We explored computationally variations in the hydrolysis step of the Pd(II)-catalyzed hydroxycarbonylation of pentenoic acids for several ligands L₂ = 1,2-bis[(di-R)phosphinomethyl]benzene where R = tert-butyl, methyl, or phenyl, referring to these ligands by DTBPX, DMPX, and DPPX, respectively. Thus far, most computational models invoked three H₂O molecules in the crucial step which can occur in either a concerted or a stepwise fashion. We used density functional calculations to study systematically the effect of the number of water molecules (H₂O)_m, m = 1–3, on the nature of the crucial step, concerted vs stepwise. Accordingly, the concerted mechanism is preferred over the stepwise mechanism for m = 1. For m = 2, the stepwise mechanism is preferred for the ligand DTBPX, and the concerted mechanism for the ligands DMPX or DPPX. For m = 3, the stepwise mechanism is preferred for all three ligands under study and, importantly, also results in the overall lowest hydrolysis barriers. An energy decomposition analysis of these hydrolysis barriers, evaluating corrections due to larger basis set, dispersion interaction, and solvation, indicates that the latter term indeed is responsible for rendering adipic acid the most likely product.

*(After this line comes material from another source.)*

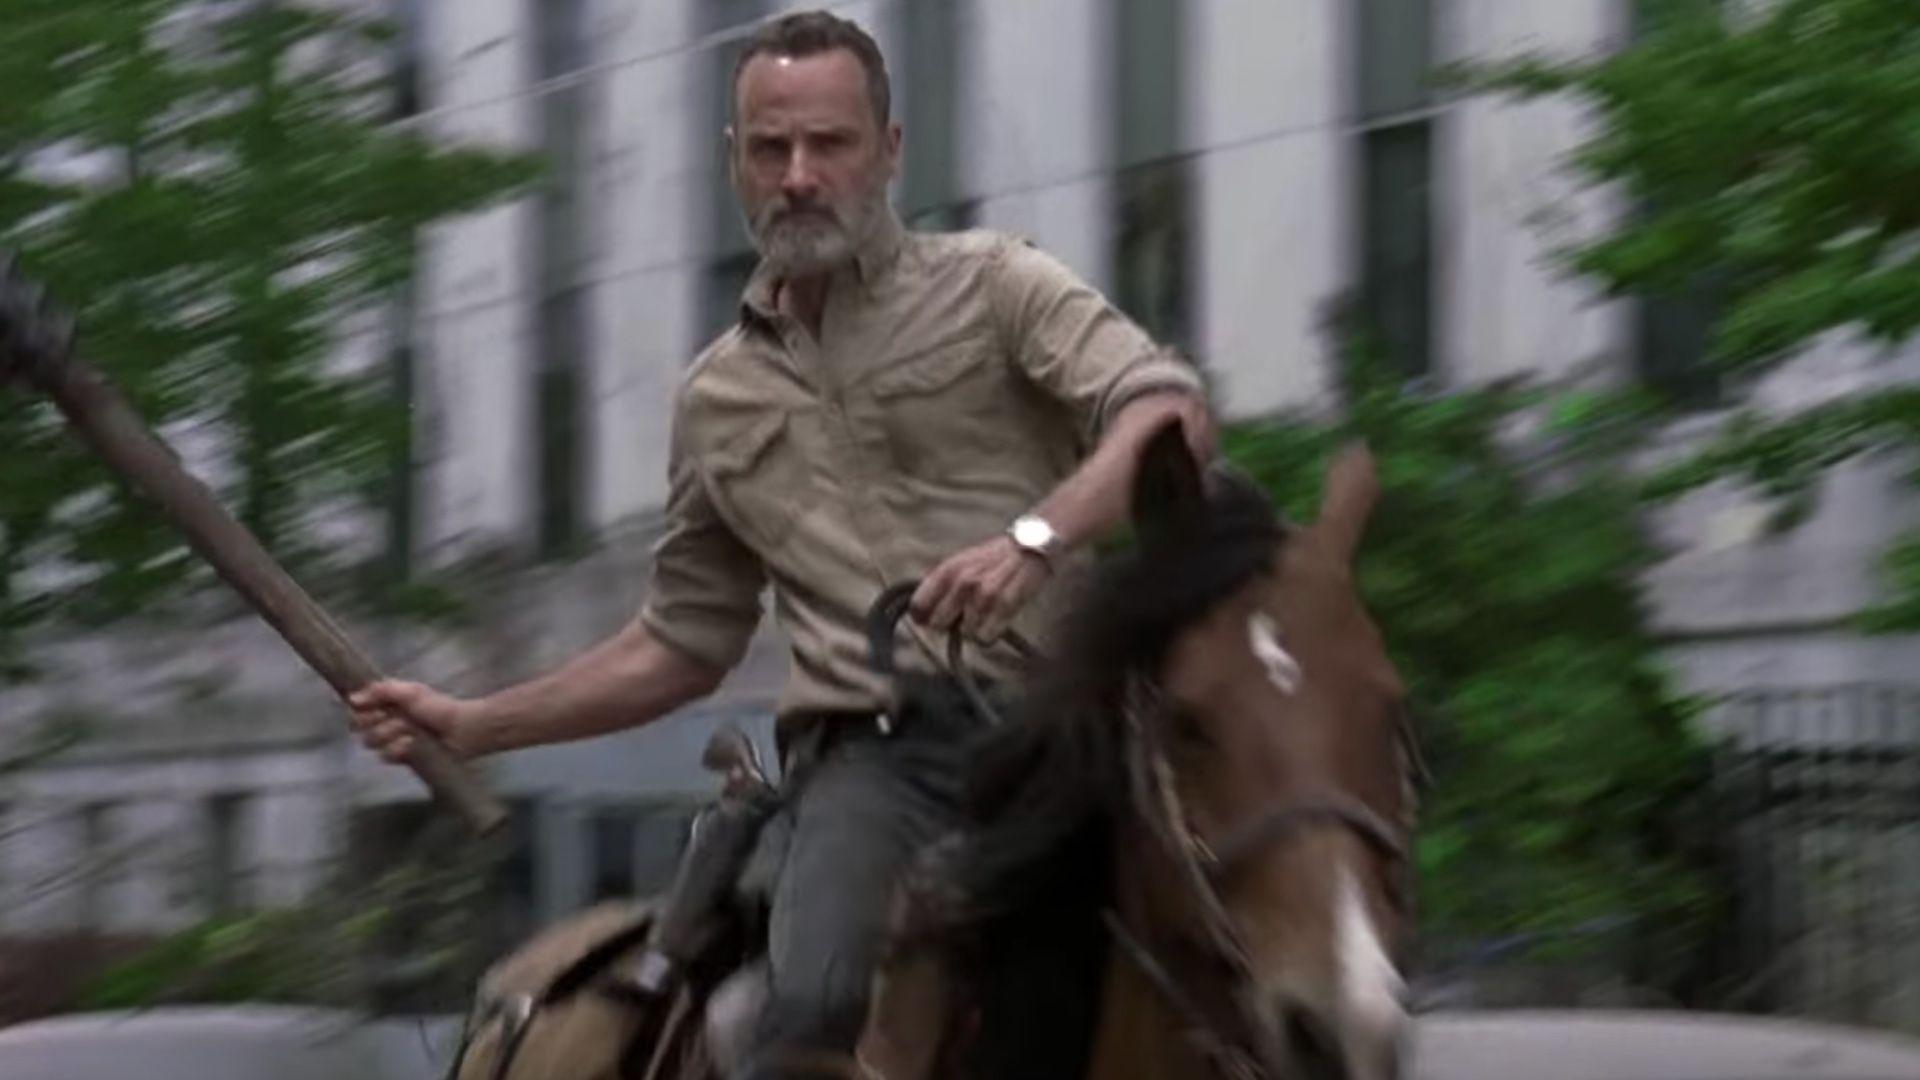 Watch The First 5 Minutes Of THE WALKING DEAD Season 9

我们探讨了几种配体L ₂  = 1,2-双[（二-R）膦甲基]苯的Pd（II）催化戊烯酸羟羰基化水解步骤的计算差异，其中R  = 叔丁基，甲基或苯基，分别指DTBPX，DMPX和DPPX的这些配体。迄今为止，大多数计算模型都在关键步骤中调用了三个H ₂ O分子，这些分子可以以协同或逐步的方式发生。我们使用密度泛函计算系统地研究的水分子的数量的效果（H ₂ O）_米，米= 1-3，在关键步骤的性质，一致VS逐步地。因此，对于m ＝ 1，优选协调机制优于逐步机制。对于m ＝ 2，对于配体DTBPX优选逐步机制，对于配体DMPX或DPPX优选协同机制。对于m = 3，逐步机理对于所研究的所有三个配体都是优选的，并且重要的是，这也导致总体上最低的水解障碍。对这些水解壁垒的能量分解分析，评估了由于较大的基团，分散体相互作用和溶剂化而引起的校正，表明后一项确实有助于使己二酸成为最可能的产物。